Dal 2024 al 2029 sarà cruciale invertire questa tendenza e ridurre gli ostacoli normativi agli investimenti, alla produzione e alla commercializzazione dell’innovazione in Europa. Ciò deve essere accompagnato dalla sospensione di revisioni non necessarie delle norme Ue esistenti e dalla piena applicazione dei controlli di competitività su tutte le nuove norme, ossia dei controlli che accertano che una nuova legge non abbia ripercussioni negative impreviste sull’attività economica delle imprese.
Infine, è imperativo che il Green Deal sia affiancato da una forte strategia industriale europea, che risolva i problemi strutturali come l’alto costo dell’energia in Europa e le complesse e lunghe procedure di autorizzazione che spesso bloccano gli investimenti nei settori strategici.
Il Net Zero Industry Act ha rappresentato un passo in avanti nella giusta direzione, ma vanno facilitati gli investimenti in una gamma più ampia di settori, perché la decarbonizzazione della nostra economia richiederà investimenti trasformativi da parte di tutti i settori e delle loro catene del valore.
In tal senso, facilitare l’accesso delle imprese ai finanziamenti rappresenta un altro fattore essenziale per migliorare le condizioni per gli investimenti.
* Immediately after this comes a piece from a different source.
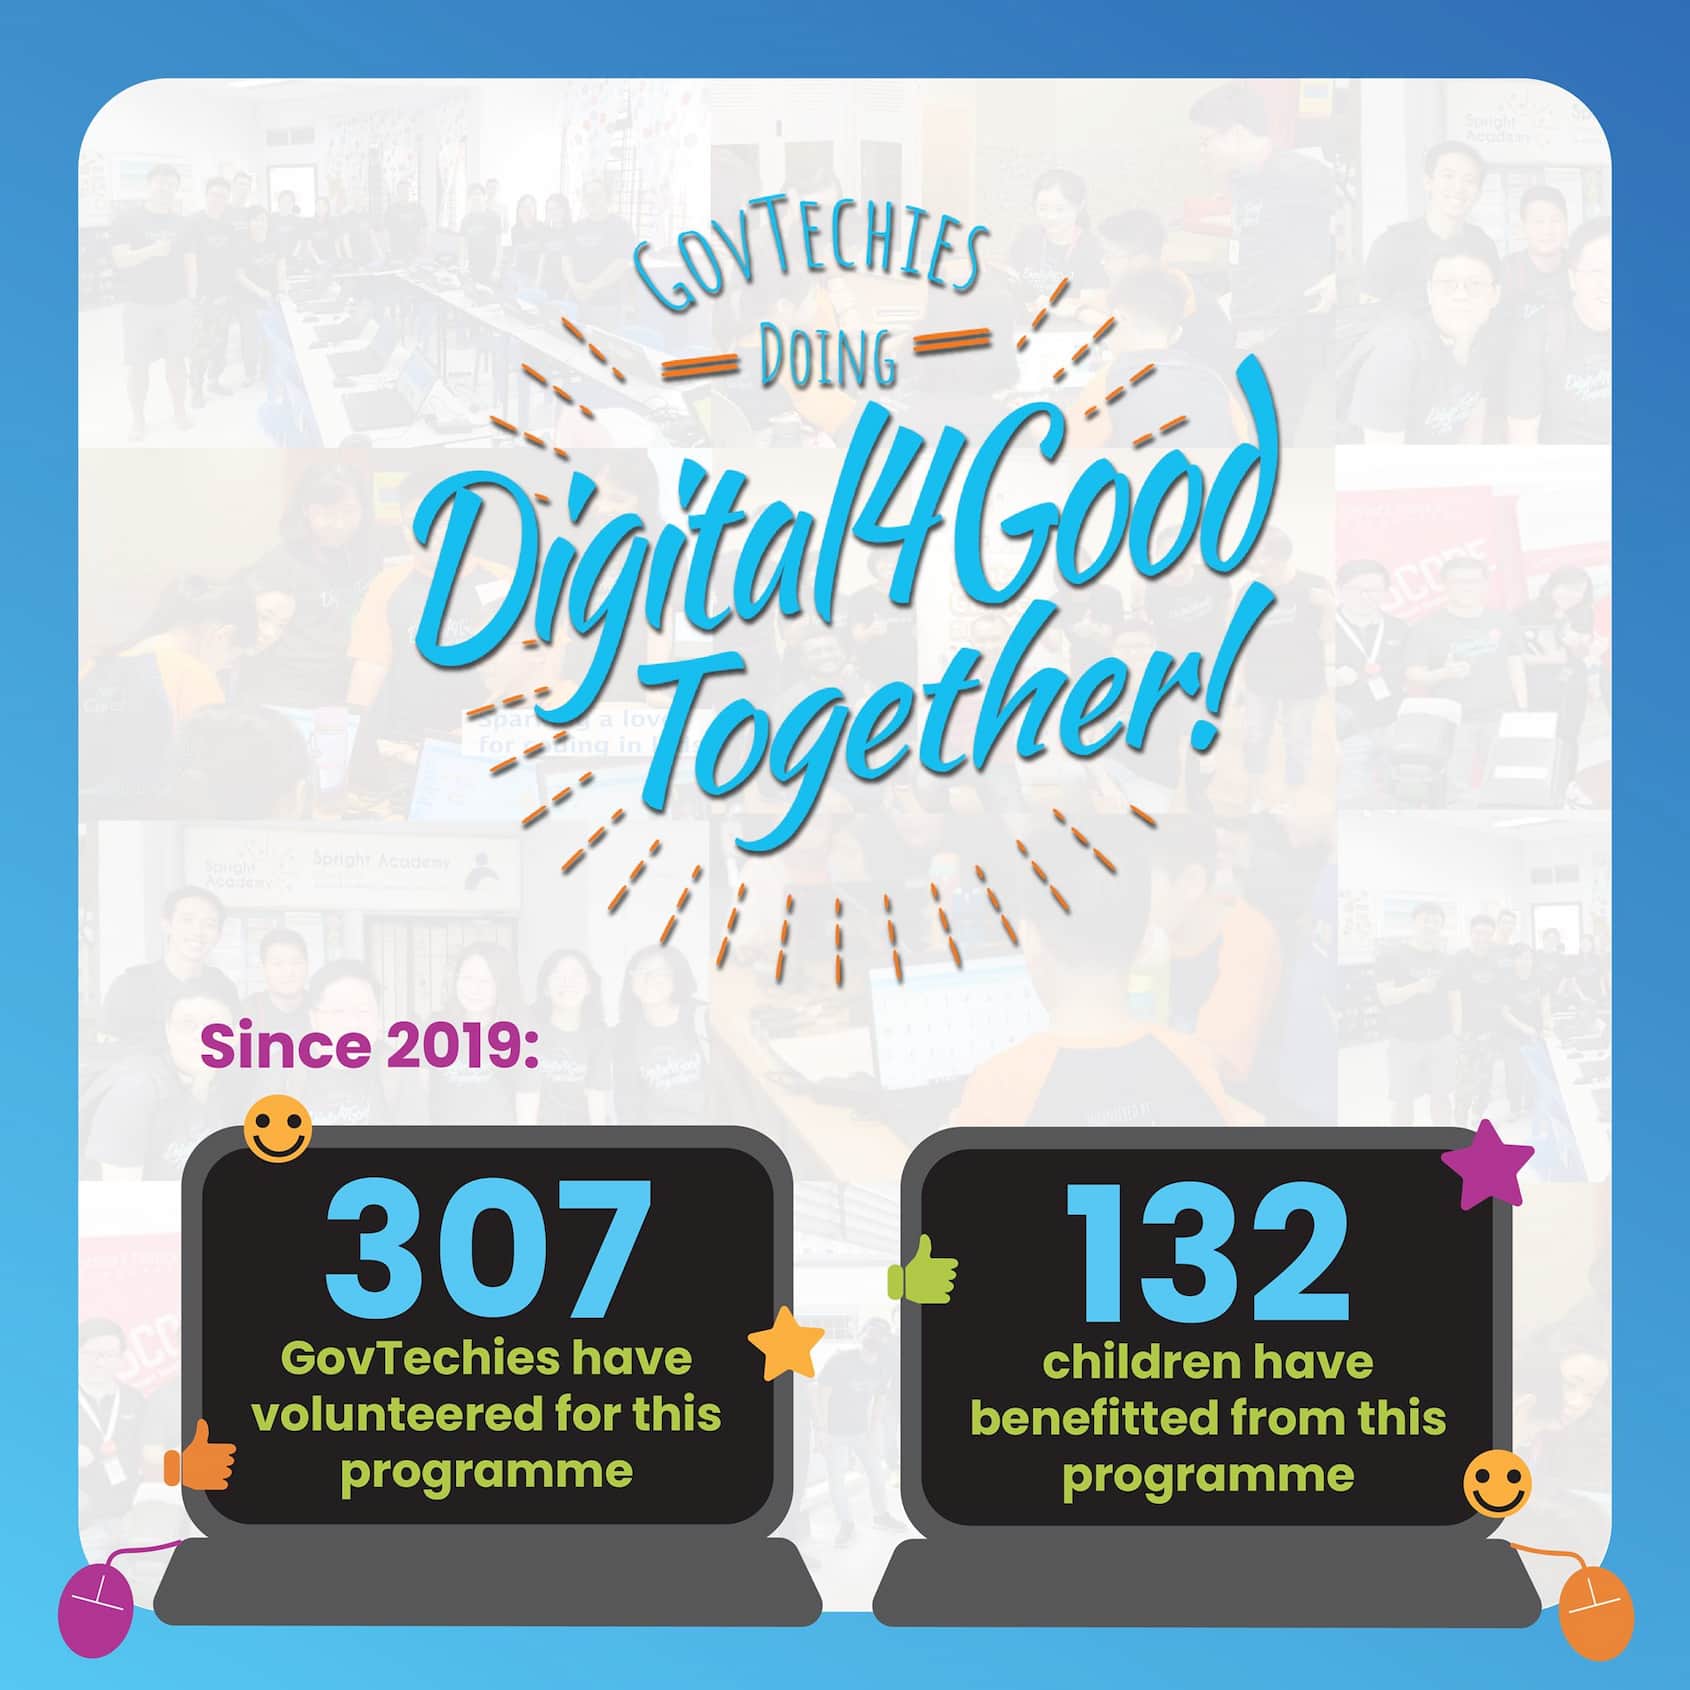 Digital4Good:Since 2019, 307 GovTechies have volunteered and 132 children have benefitted from this

Gli aiuti di Stato possono essere giustificati per sostenere le imprese nella loro transizione ambientale e tecnologica, la costruzione delle nuove infrastrutture e lo stimolo all’innovazione tecnologica. Tuttavia, queste misure devono essere ben mirate, limitate nel tempo e attentamente monitorate per evitare distorsioni della concorrenza, e soprattutto non possono sostituirsi alla necessità di mobilitare risorse finanziare in maniera più organica e strutturata per le imprese che decidono di investire.
Queste sono solo alcune tra le azioni più urgenti che serviranno a dare nuovo impulso all’economia europea. BusinessEurope, l’associazione dell’industria europea di cui Confindustria è membro fondatore, ha raccolto queste e altre raccomandazioni in un messaggio rivolto a tutti i partiti politici in vista delle elezioni.
Tali azioni saranno cruciali per mantenere la leadership mondiale dell’Unione Europea, una posizione che nasce e che si è mantenuta nel tempo grazie alla capacità di noi europei di coniugare sviluppo economico, sociale e ora anche ambientale in maniera tale da garantire un vantaggio competitivo alle nostre imprese.